Comments (no special order):
- Lines 43-45. Please, explain. Are the changes evoked by the virus supposed to favor its replication? And if so, would blocking/reverting those changes stop/reduce virus replication? Is it the therapeutic mechanism you suggest? Please, make the hypothesis clear already here.
Authors’ response:
To address this comment, the Introduction was amended as follows (p. 1/2, lines 46-51):
“At the cellular level, SARS-CoV-2 induces a shift of the host cell metabolism towards glycolysis in infected cells. The glycolysis inhibitor 2-deoxy-D-glucose (2DG), which targets hexokinase (the rate-limiting enzyme in glycolysis), interferes with SARS-CoV-2 infection in colon adenocarcinoma (Caco-2) cells and monocytes [8,9], suggesting that the observed metabolic changes support virus replication and represent an antiviral drug target.”
- All abbreviations used in the Figures, not including protein names, should be explained in the legends.
Authors’ response:
This was done.
- What are the limitations of the study?
- What would be further steps? Animal experiments?

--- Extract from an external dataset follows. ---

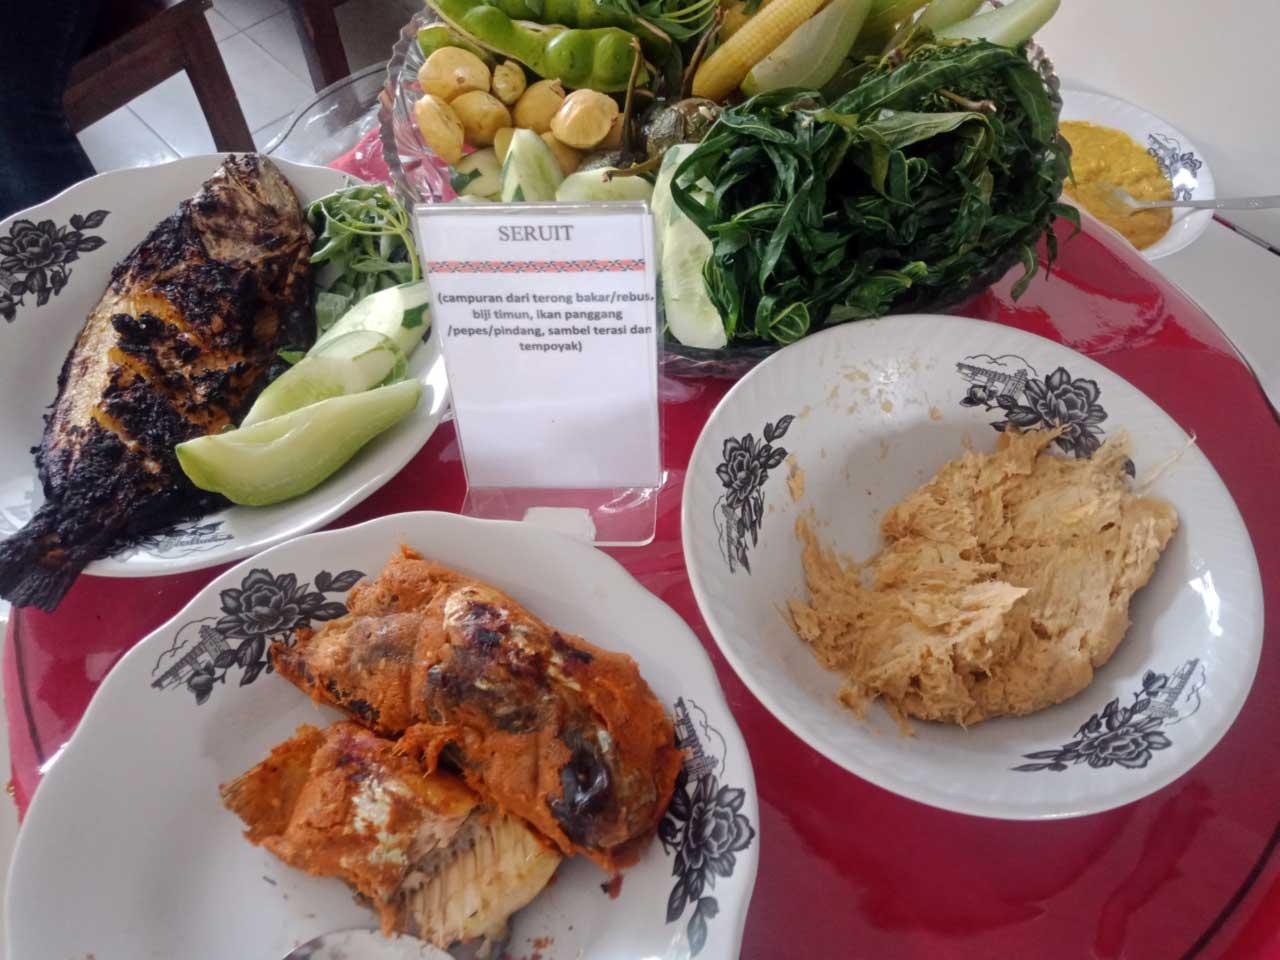 Foto Gambar Seruit - Makanan Khas Lampung - Rumah Makan Cikwo Prasmanan - kelilinglampung.net - Yopie Pangkey
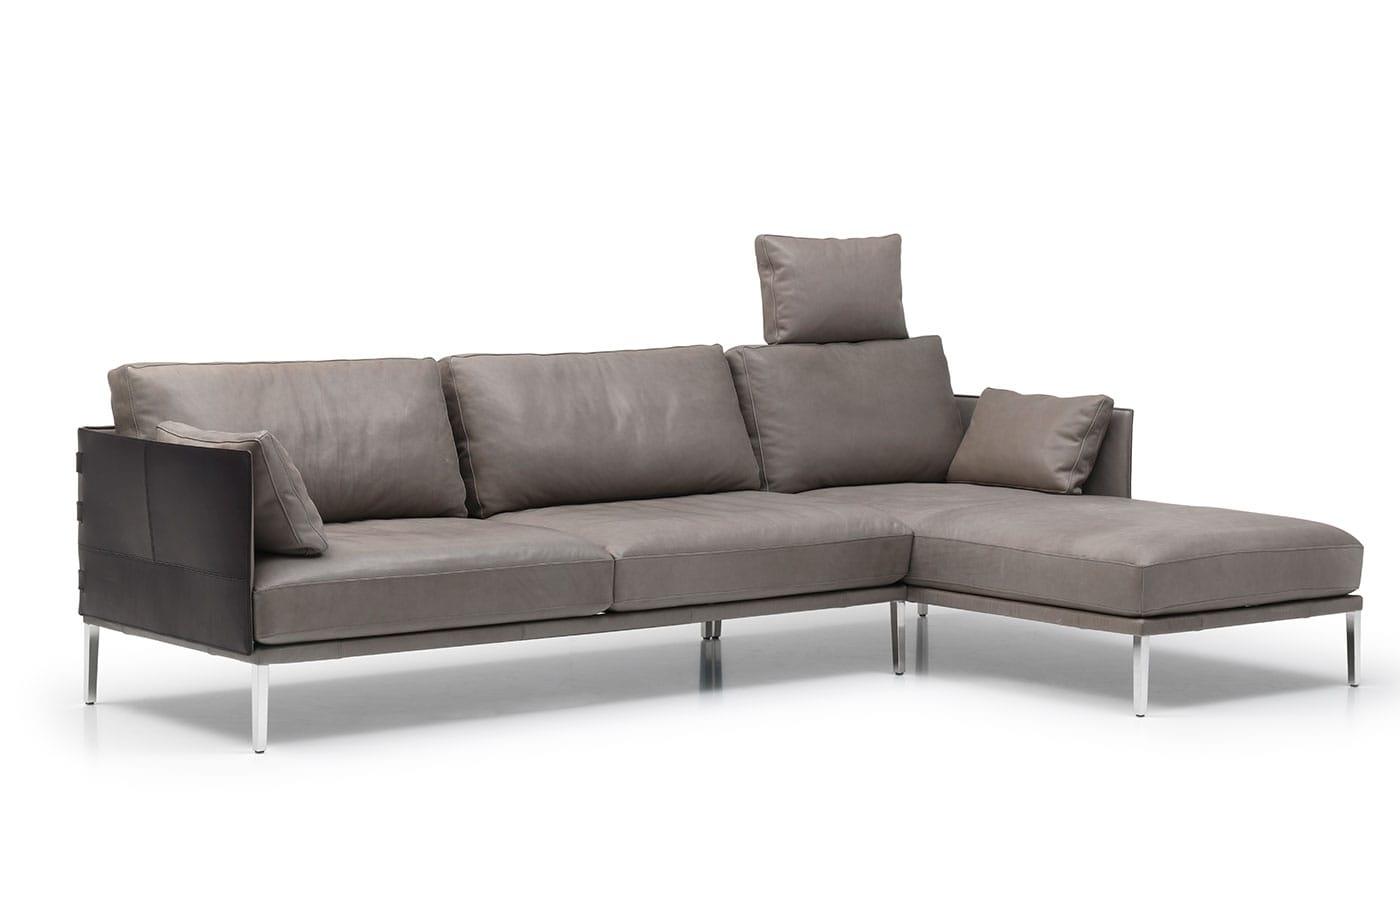 Full Size of De Sede Sofa Furniture Usa For Sale Bed Sessel Gebraucht Kaufen Outlet Used Couch Preise Endless Ds 600 Bi Uk Leder Tom Tailor Wanddeko Küche Megapol Sofa De Sede Sofa

Organoids?
Authors’ response:
We feel that these are two closely related comments that can be answered together. In the course of the revision, we have added data showing that benfooxythiamine (BOT) also inhibits SARS-CoV-2 replication in air-liquid interface (ALI) cultures of primary human bronchial epithelial (HBE) cells (new Figure 3D-F). Hence, animal experiments would be a logical next step and we amended the Discussion as follows (p. 8, lines 214-215):
“Therefore, the further testing of such therapy strategies in animal models is warranted.”
- In the Discussion, please, mention other, maybe even more direct, options of antiviral treatment, such as antisense approaches developed for other types of respiratory viruses including HRV or RSV (PMID: 27155029 and 30114391).
Authors’ response:
To address this comment, we amended the Discussion as follows (p. 7, lines 207-203):
“Moreover, other direct antiviral approaches such as antisense strategies are under de-velopment for respiratory viruses such as SARS-CoV-2 [39-41], but are not yet clinically available as treatment option for COVID-19.”
- Lines 175-178. Can you imagine any escpae mutation making it possible for the virus avoid the consequences of your treatment strategy.
To address this comment, we amended the Discussion as follows (p. 7, lines 205-207):
“In this context strategies that target host cell instead of viral targets have been postulated to be potentially associated with reduced resistance formation [42,43].”
Round 2
Reviewer 1 Report
The revised manuscript is substantially improvised and acceptable form.